== REQUIREMENT ==
Everything from the "The Parish Church" line to the final line of the listing should be written out exactly. Skip the pictures.

== PROVIDED DATA ==
++++
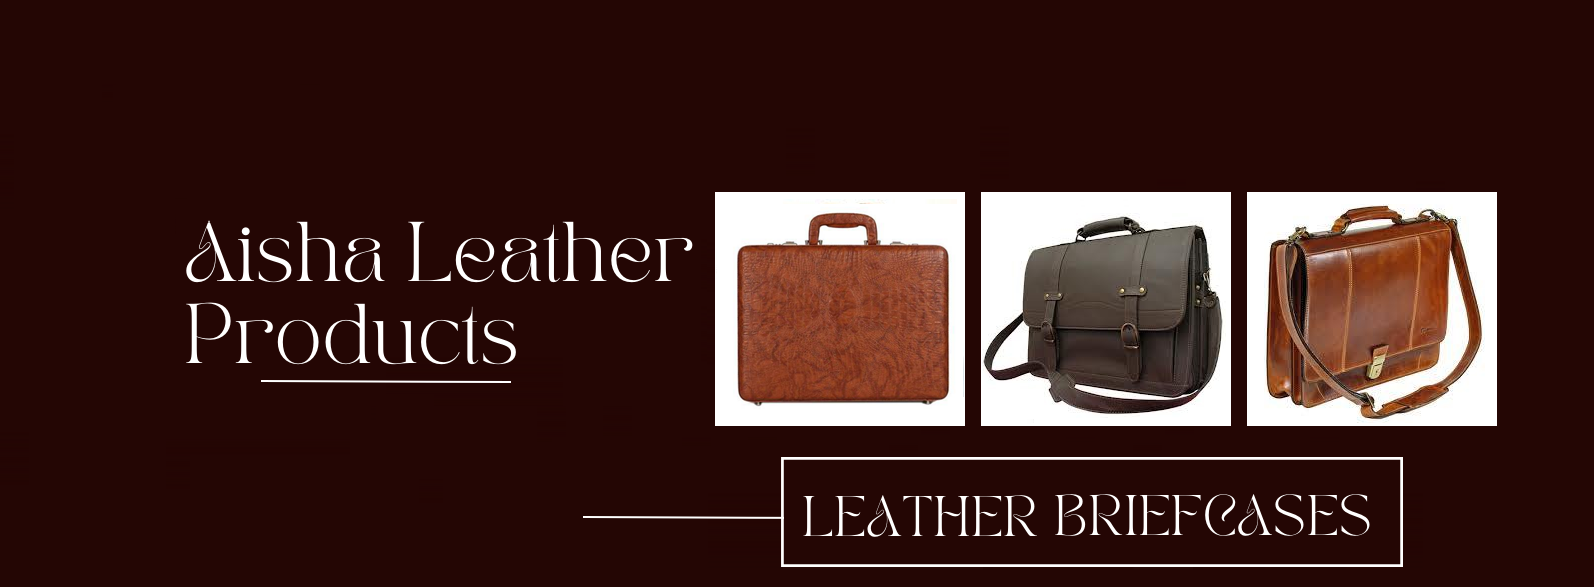 Aisha Leather Products
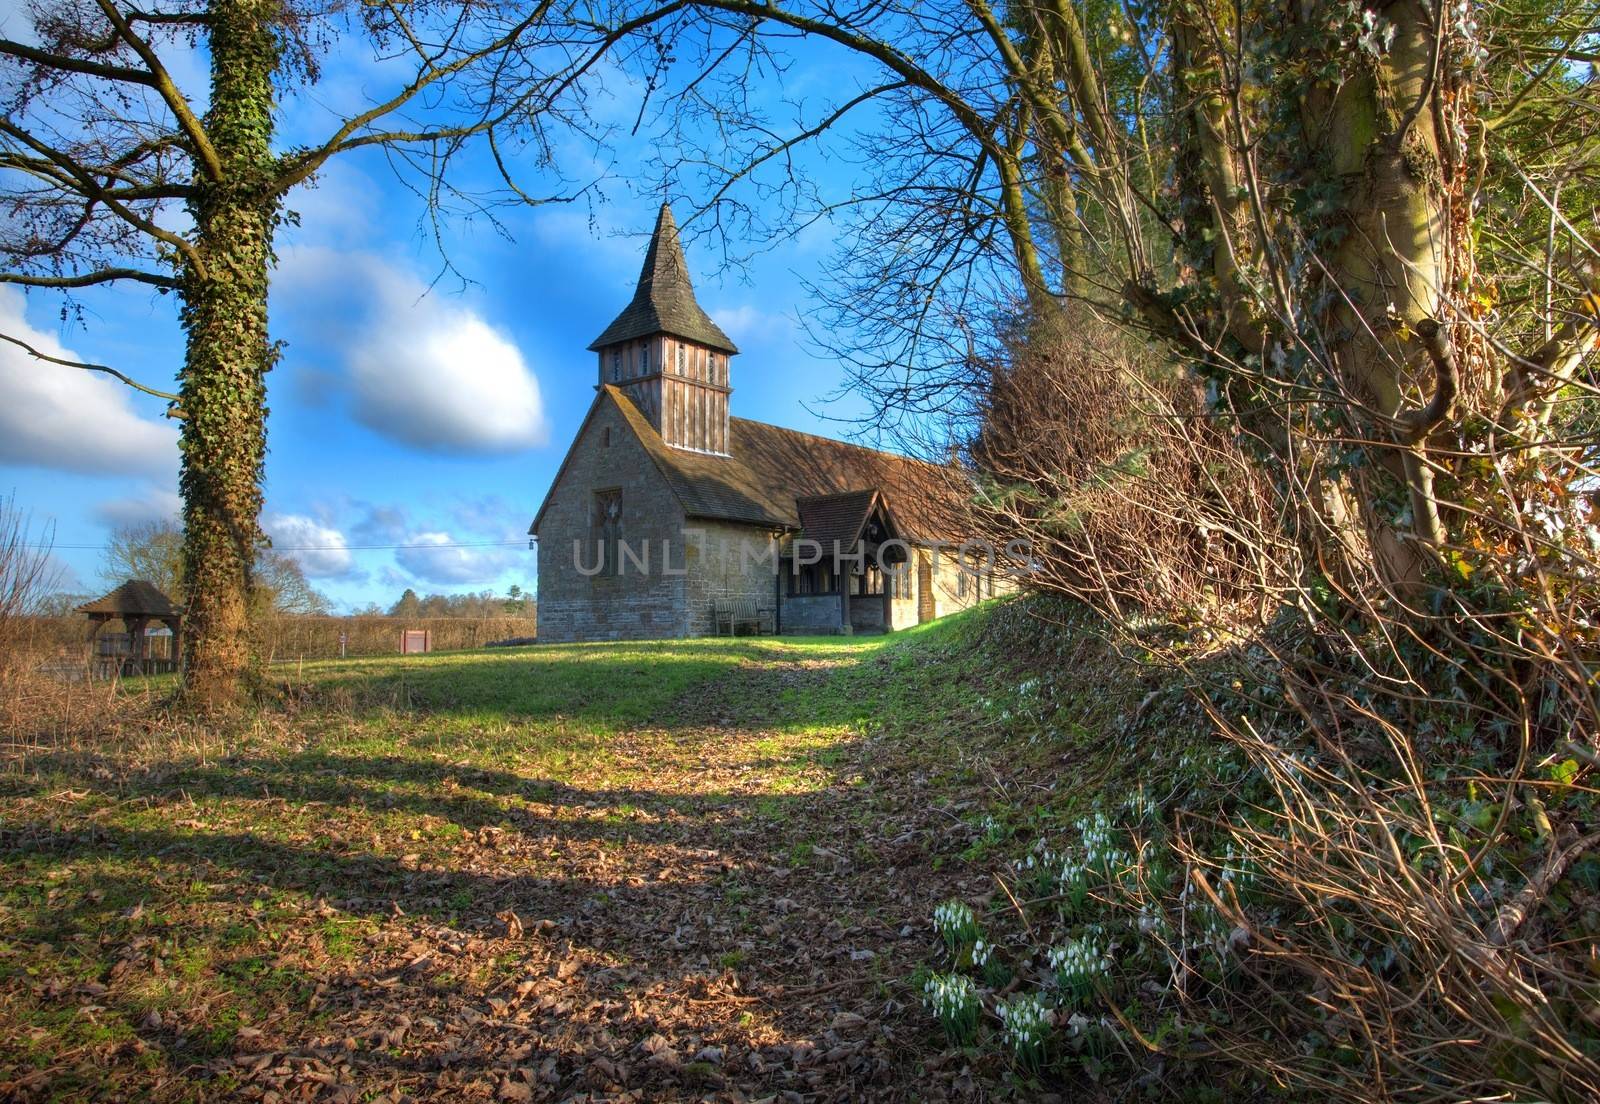 The Parish Church of St Mary, Oldberrow, Warwickshire, England.
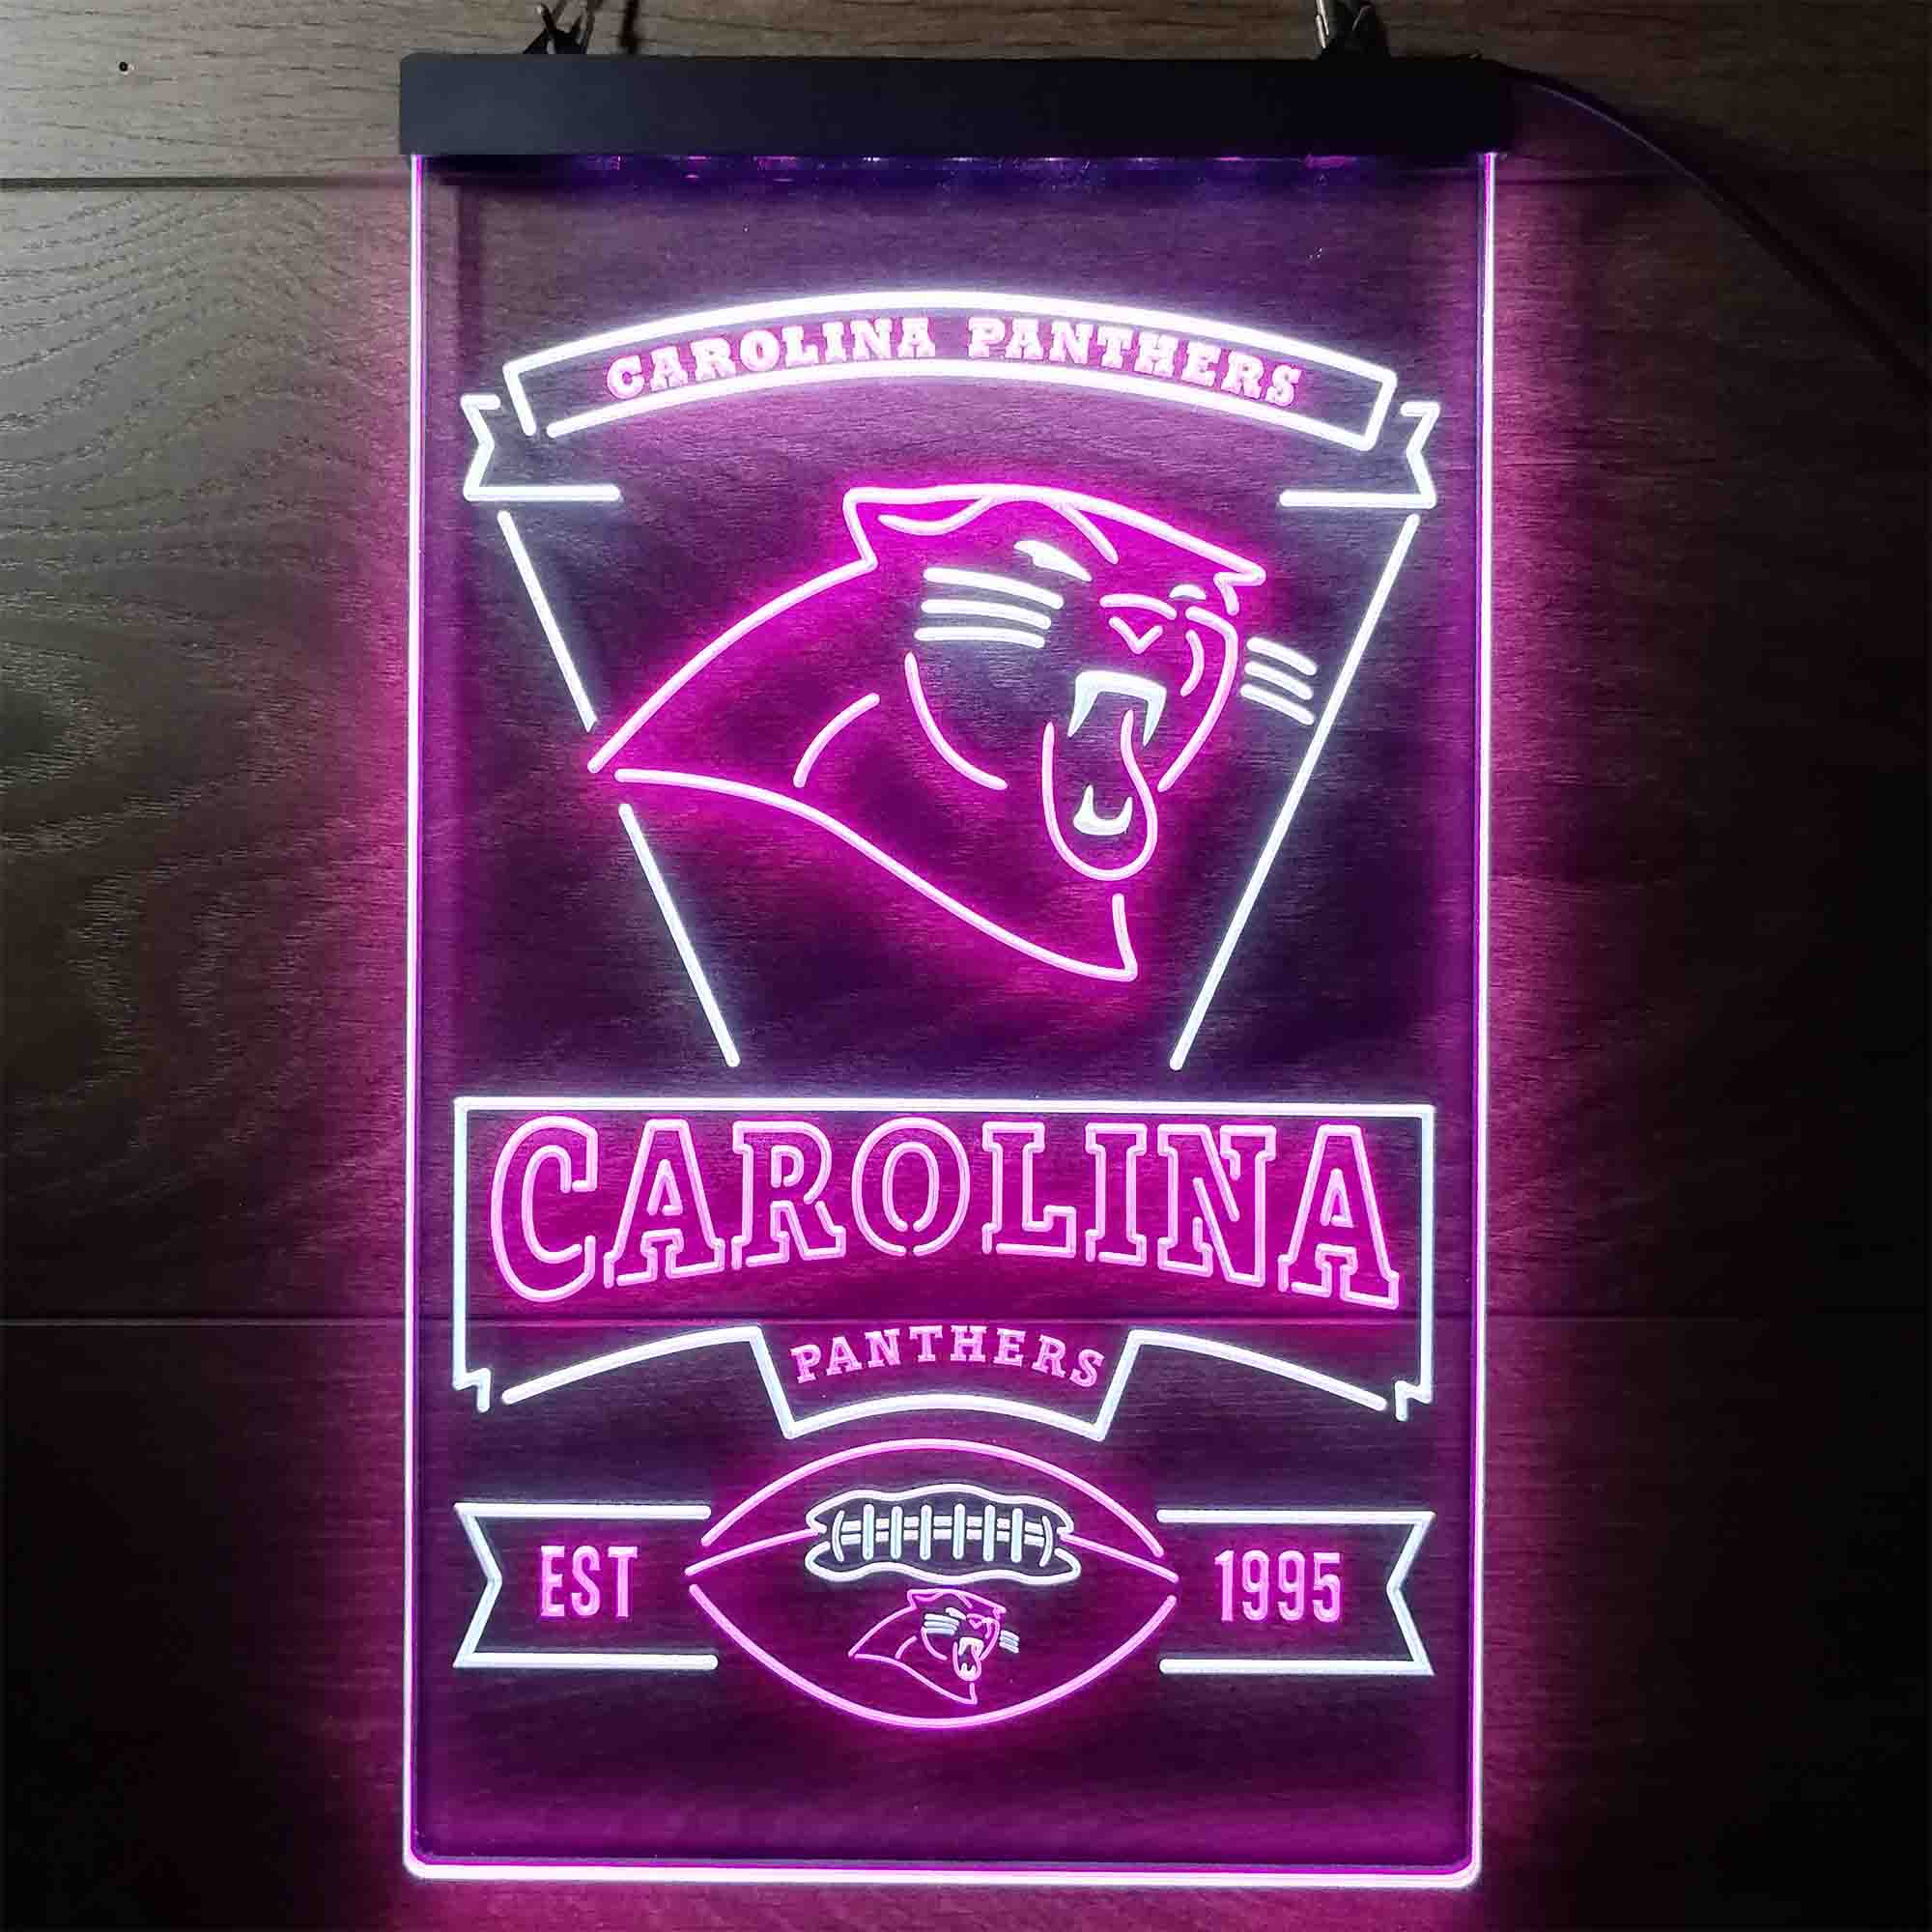 Carolina Panthers EST 1995 Neon LED Sign
++++
== OUTPUT OF THE TASK ==
 The Parish Church of St Mary, Oldberrow, Warwickshire, England.
 Carolina Panthers EST 1995 Neon LED Sign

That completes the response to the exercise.